Amour é um filme de câmara, como dizemos música de câmara… quer dizer que,  exceto por uma curta cena no concerto, ele se desenrola inteiramente atrás das portas de um apartamento burguês. Este apartamento é toda a espessura de uma vida. De uma via a dois, no meio dos livros, das mesas, da música. Este apartamento é mostrado – desde as primeiras imagens – forçado; e, como é seu costume, é também pela força que Haneke nos faz penetrar nele por duas horas a portas fechadas.
Rapidamente nos sentimos em casa graças à câmera que desenha seu plano de qualquer forma: cozinha, quarto, sala, corredor… o espectador antecipa os deslocamentos dos protagonistas, vai tomar seu café da manhã, instala-se na sala ou vai para o seu quarto.  Prestidigitação do cinema de Haneke: somos capturados pelo colarinho.

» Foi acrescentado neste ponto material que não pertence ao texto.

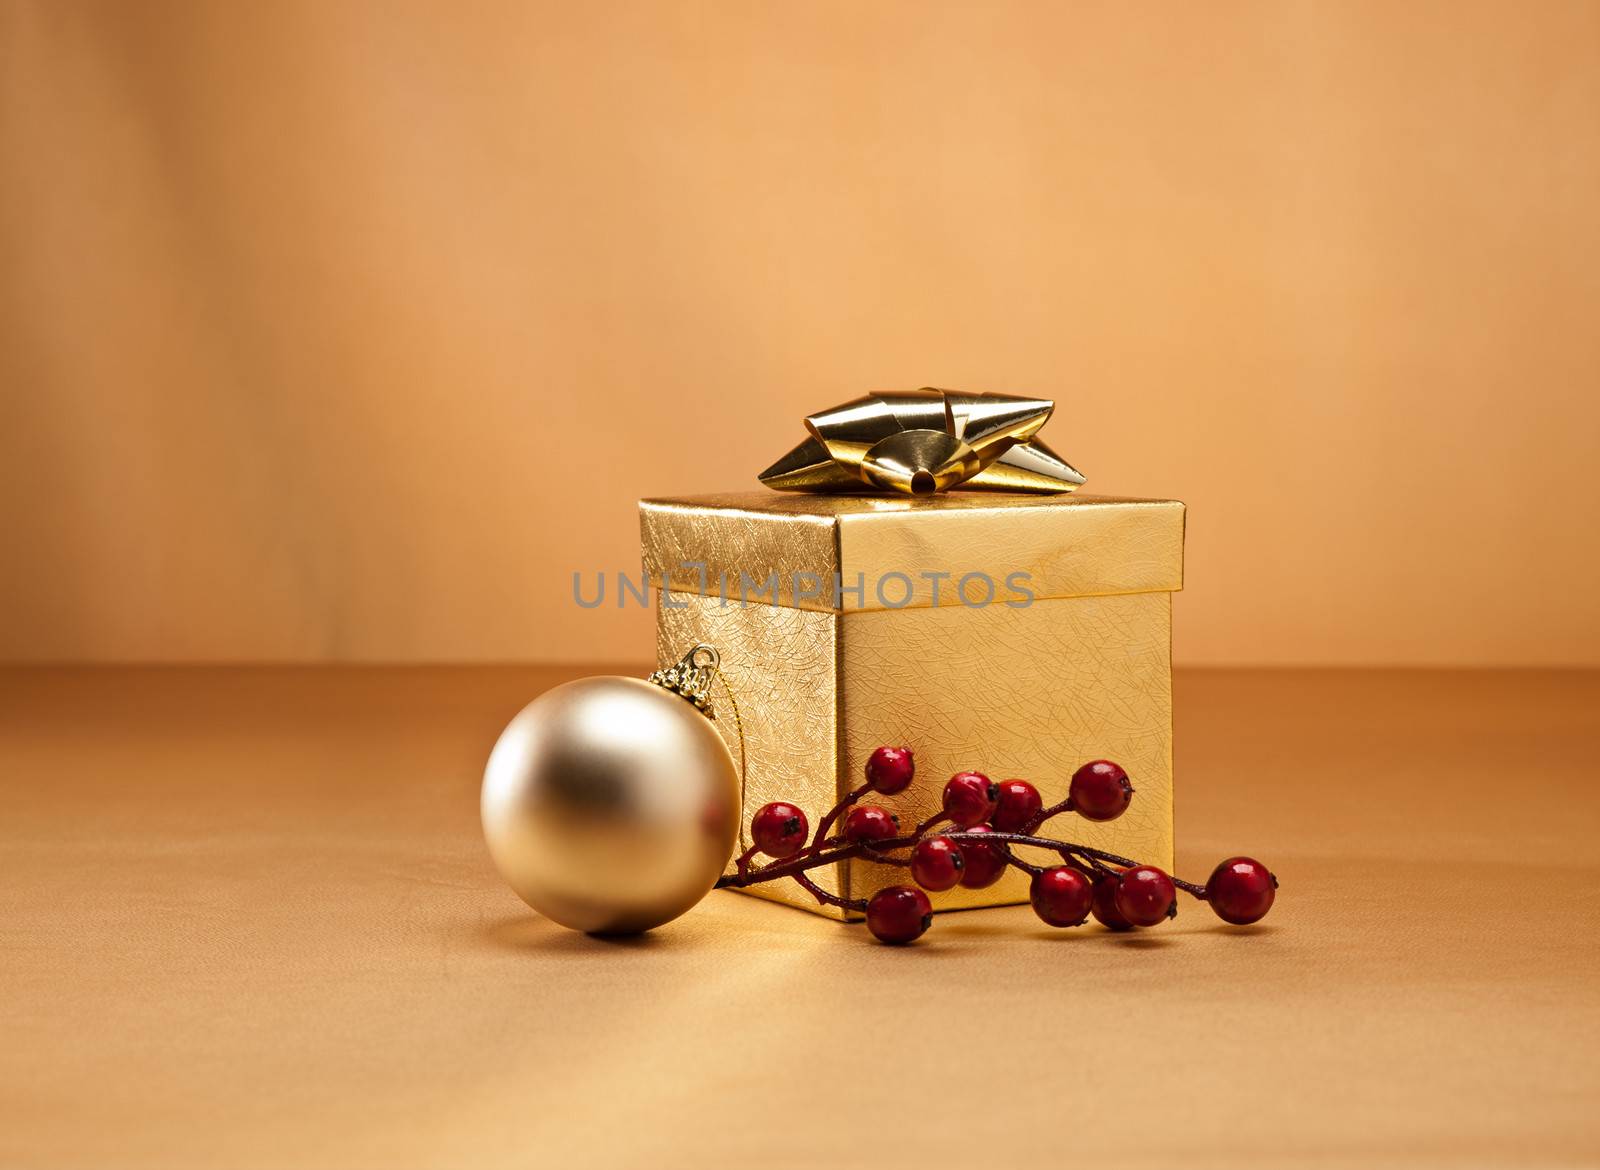 Gold present in Christmas setting for many events

Resumamos: Anne e Georges, o casal do filme, caminham por seu apartamento em pequenos passos. Eles tiveram uma vida boa? A essa pergunta feita por Stéphane Brizé num filme recente (Quelques heures de printemps), parece que Haneke responde  - sim, sem dúvida uma boa vida onde a arte e o amor tiveram um lugar importante. Octogenários ainda valentes, a vida deles é desacelerada e perturbada pelo menu dos aborrecimentos cotidianos: compras, falhas, imprevistos… Aliás, é um imprevisto de peso que surge: Anne faz um primeiro AVC, se recupera, depois tem uma recaída… Face a esse real, a vida do casal bascula mas não se afunda: Georges está lá, amando, prevenindo, se adaptando à evolução inexorável da doença de Anne. Se adaptando? Sob esta coberta – tudo parece ir nesse sentido, Georges faz a suplência para a situação como pode, no limite de suas forças, contrata uma enfermeira, depois duas – mas não é isso que Haneke nos mostra. O que ele nos mostra, é o insustentável da vida, do espírito e do corpo de Anne, que se desintegram sob os olhos do homem que a ama. Sob nossos olhos.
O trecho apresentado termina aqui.